## MATERIAL FOR THIS EXERCISE:

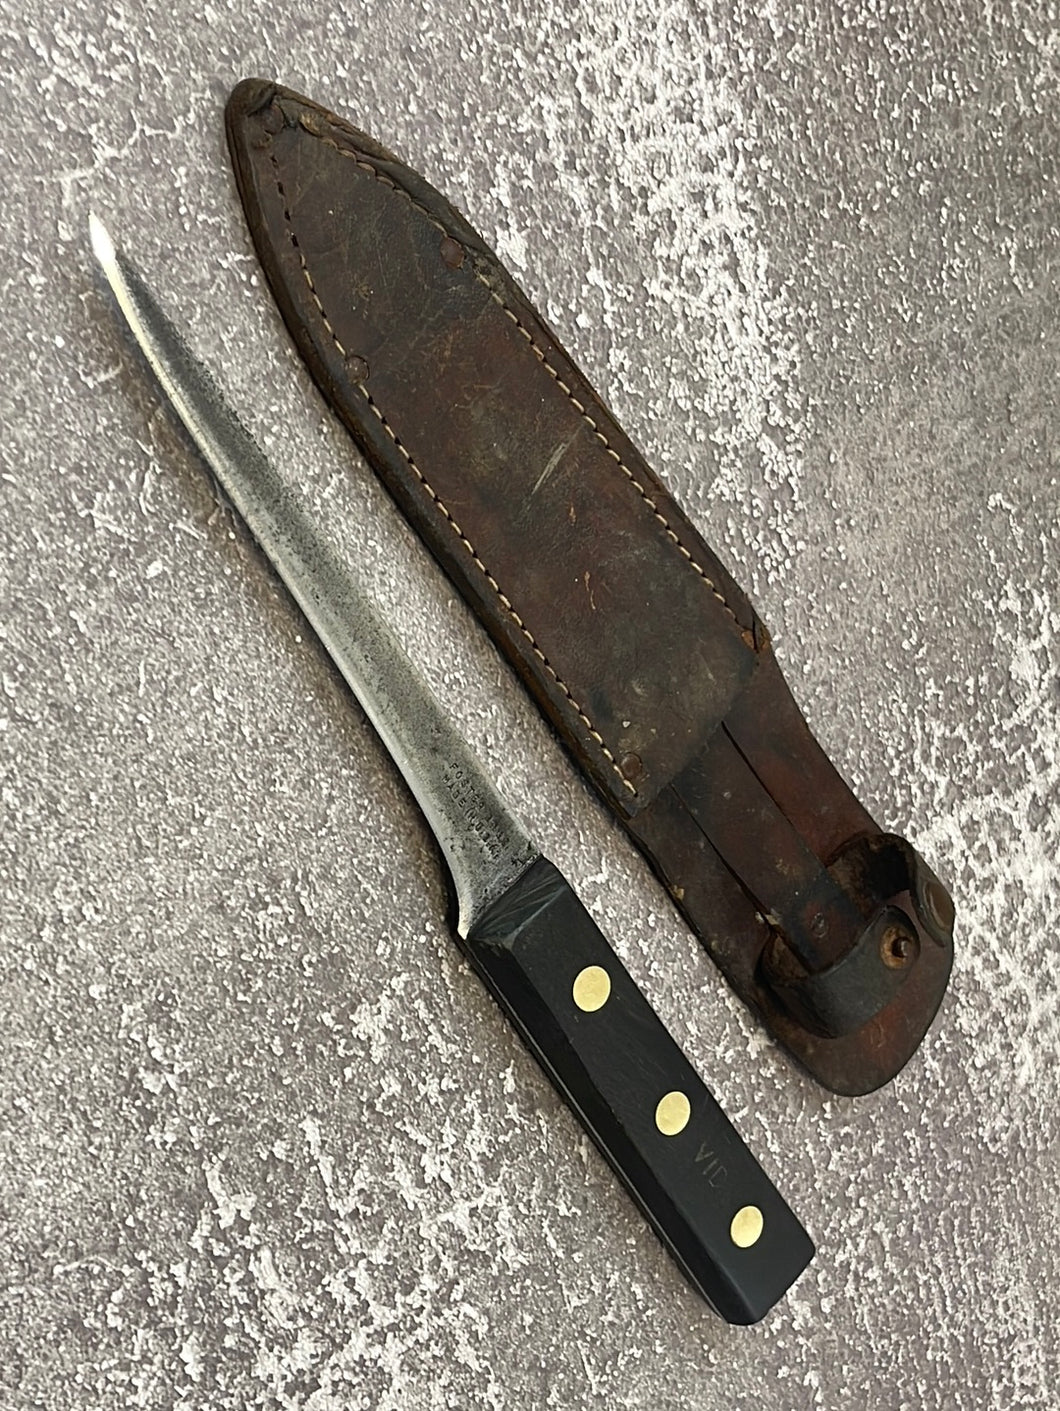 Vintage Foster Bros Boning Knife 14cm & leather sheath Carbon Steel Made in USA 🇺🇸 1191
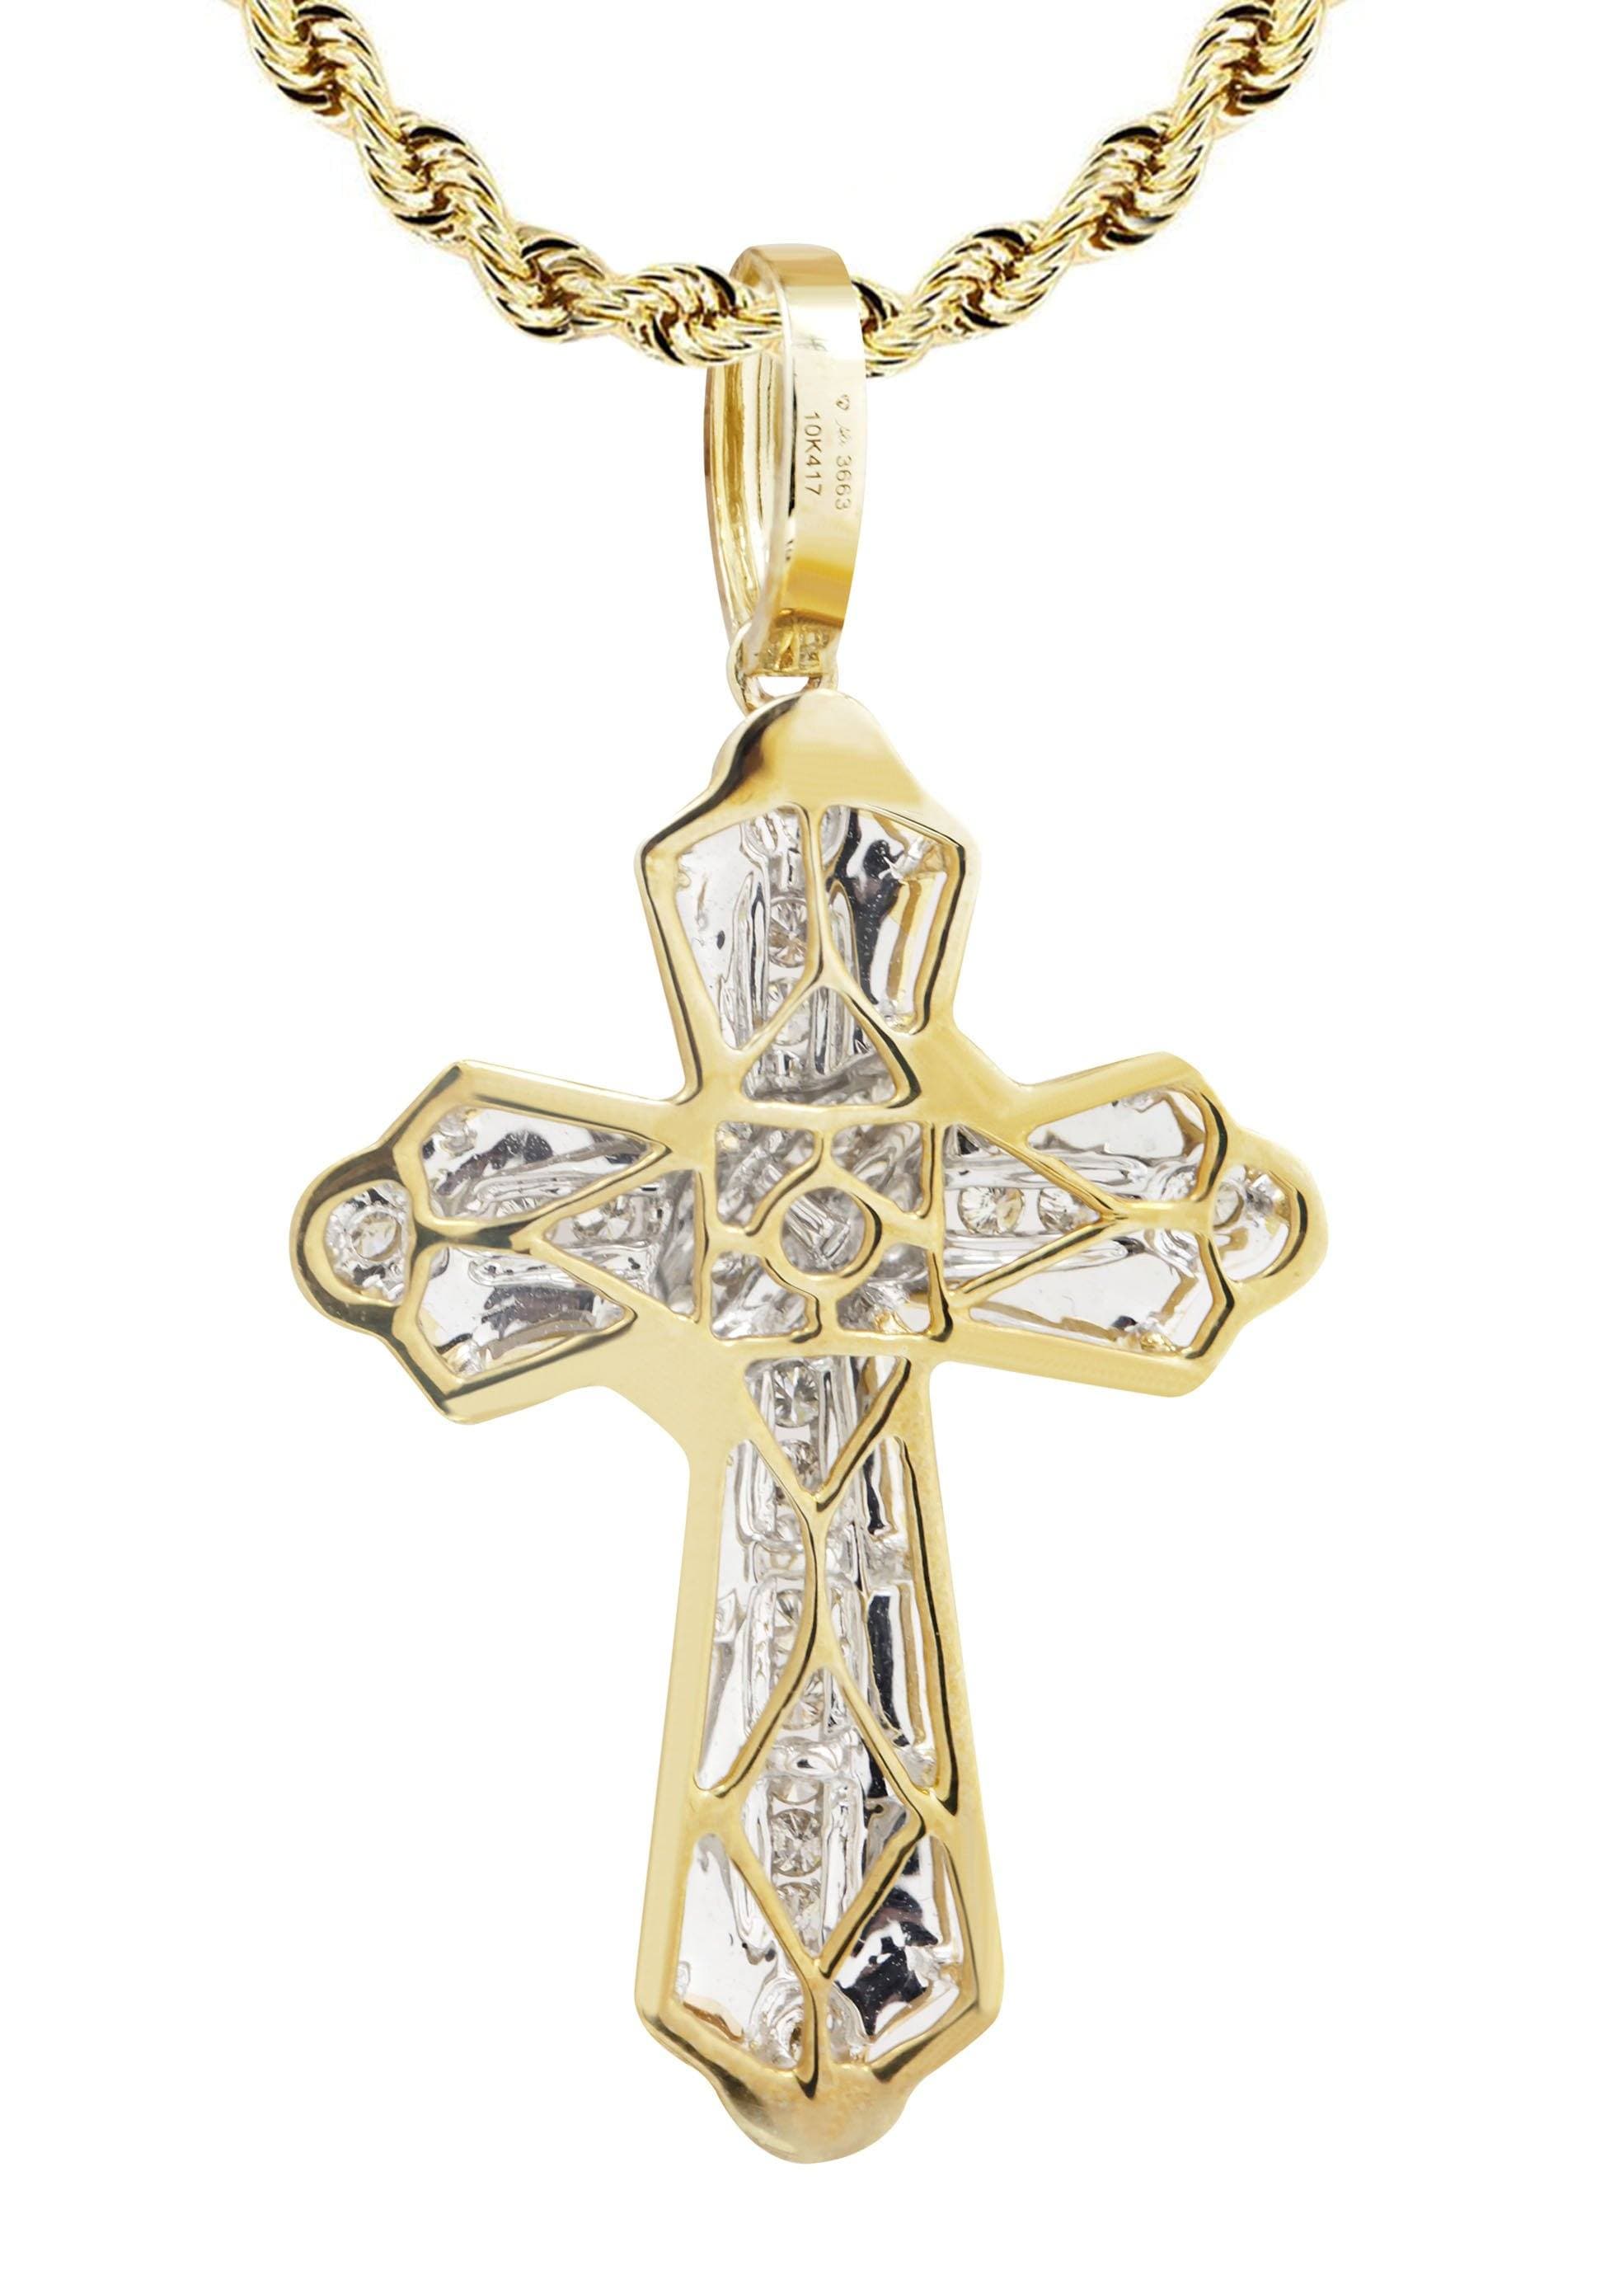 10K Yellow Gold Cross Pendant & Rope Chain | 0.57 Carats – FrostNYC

...

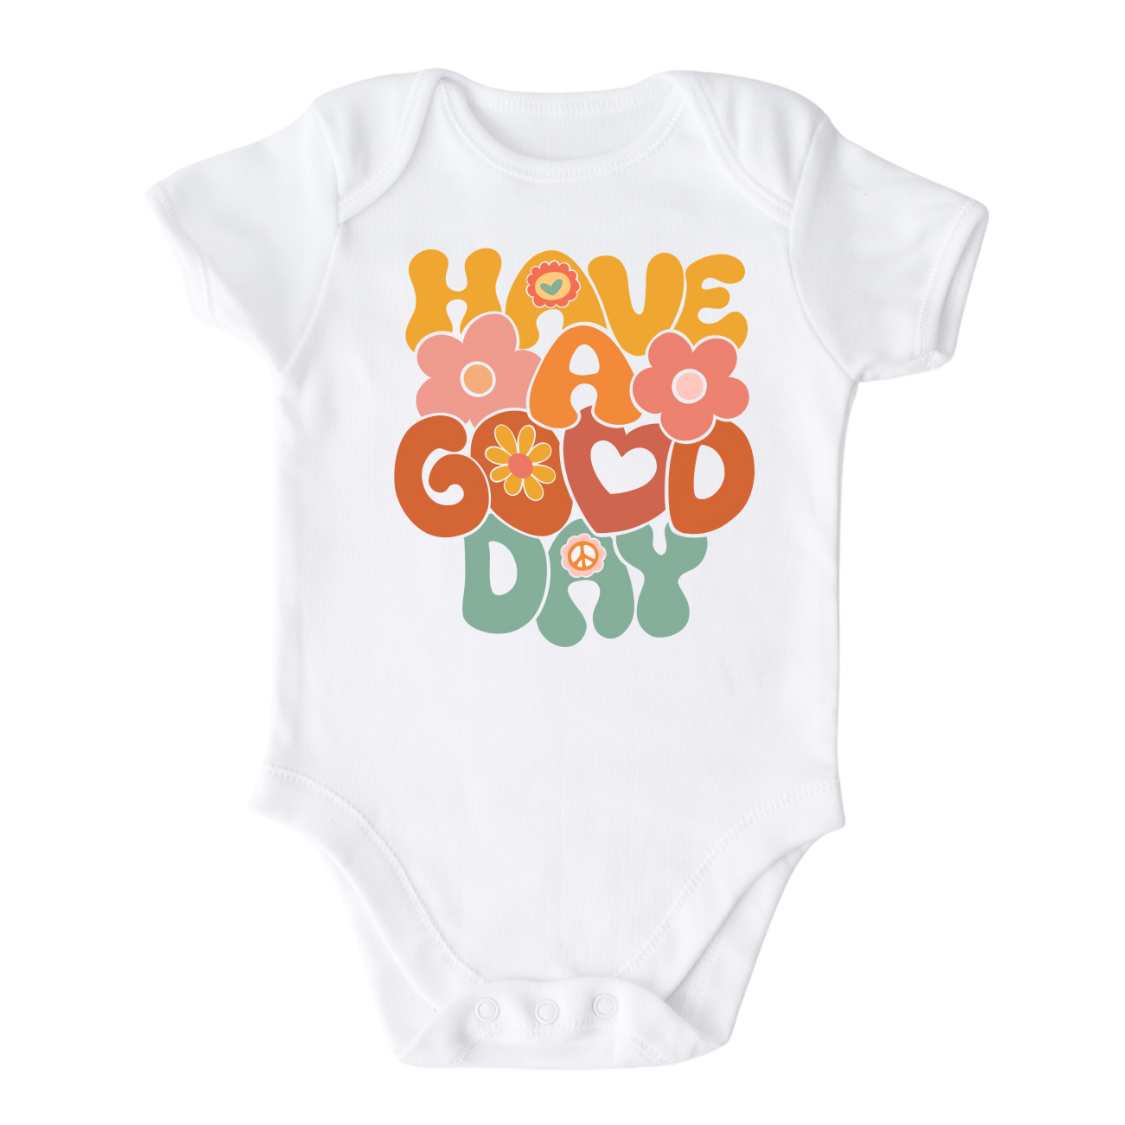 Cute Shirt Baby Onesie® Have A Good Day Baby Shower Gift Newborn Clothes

## YOUR OBJECTIVE:
What are the lines in the records above, word for word, from the one containing "Vintage Foster Bros" through the one containing "10K Yellow Gold", both ends included and pictures left out?

## RESULT OF THIS EXERCISE:
 Vintage Foster Bros Boning Knife 14cm & leather sheath Carbon Steel Made in USA 🇺🇸 1191
 10K Yellow Gold Cross Pendant & Rope Chain | 0.57 Carats – FrostNYC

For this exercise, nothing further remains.